- [PROVIDED DATA]:
━━━━━━━━
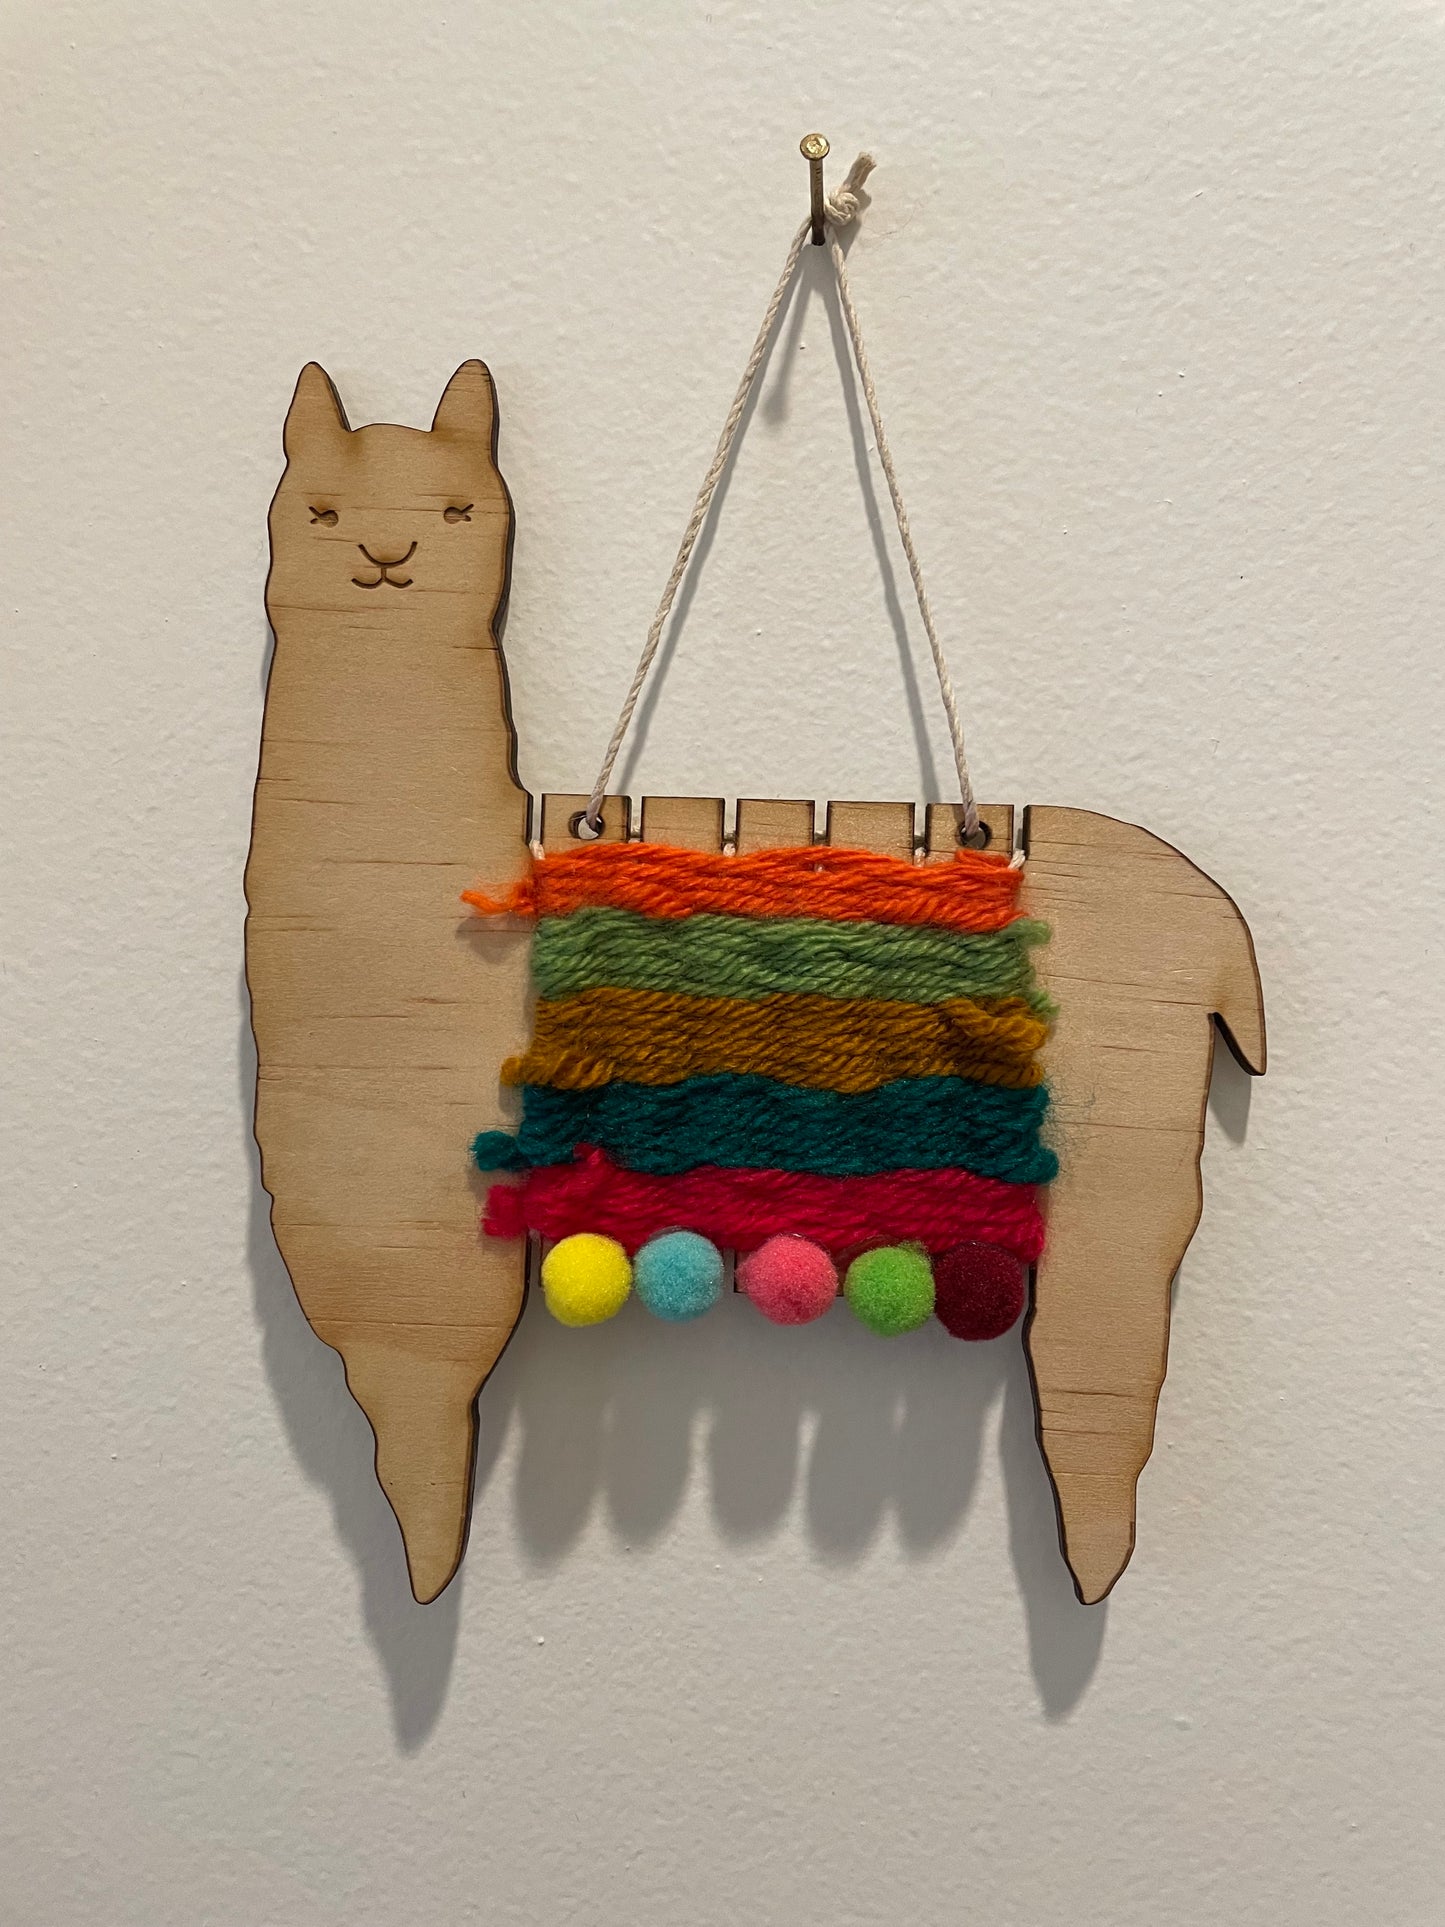 Alpaca Naomi Woven wall hanging Kit
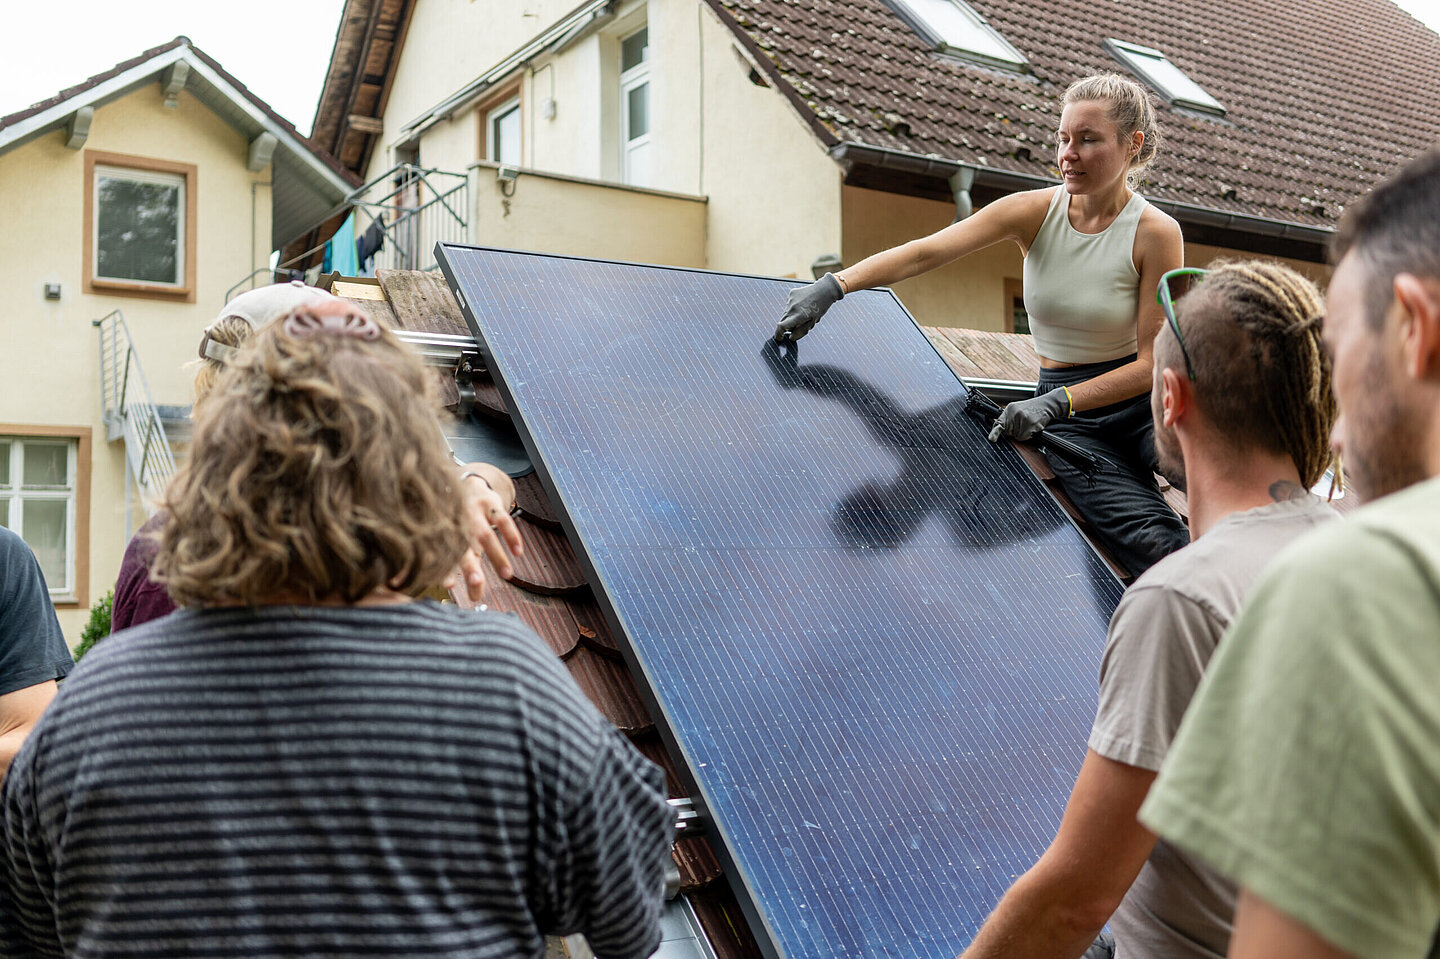 Eine Frau befestigt ein PV-Modul auf einem Dach, Personen schauen ihr zu.
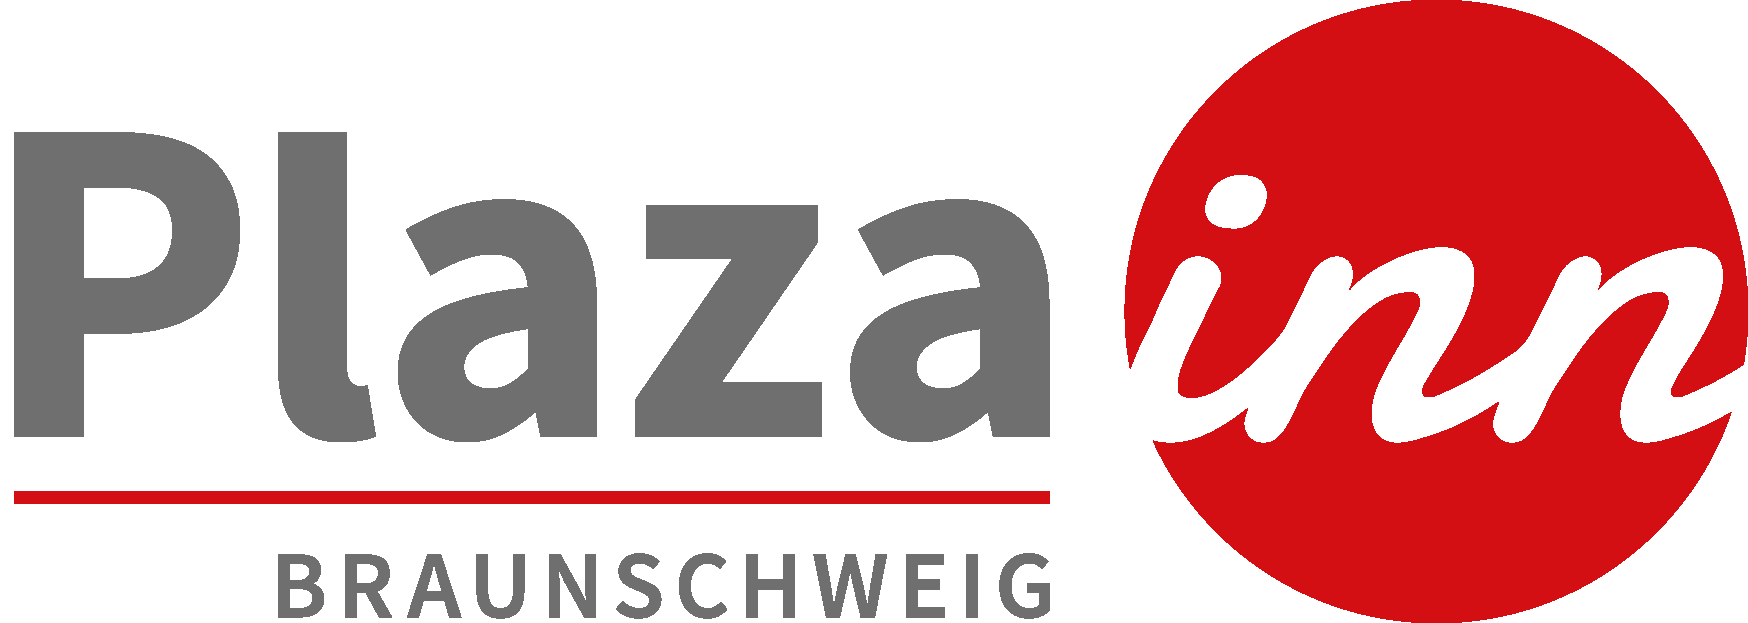  Plaza Inn Braunschweig City Nord, Logo
━━━━━━━━
Transcribe the listing in full. Omit the pictures and keep every line exact.

 Alpaca Naomi Woven wall hanging Kit
 Eine Frau befestigt ein PV-Modul auf einem Dach, Personen schauen ihr zu.
  Plaza Inn Braunschweig City Nord, Logo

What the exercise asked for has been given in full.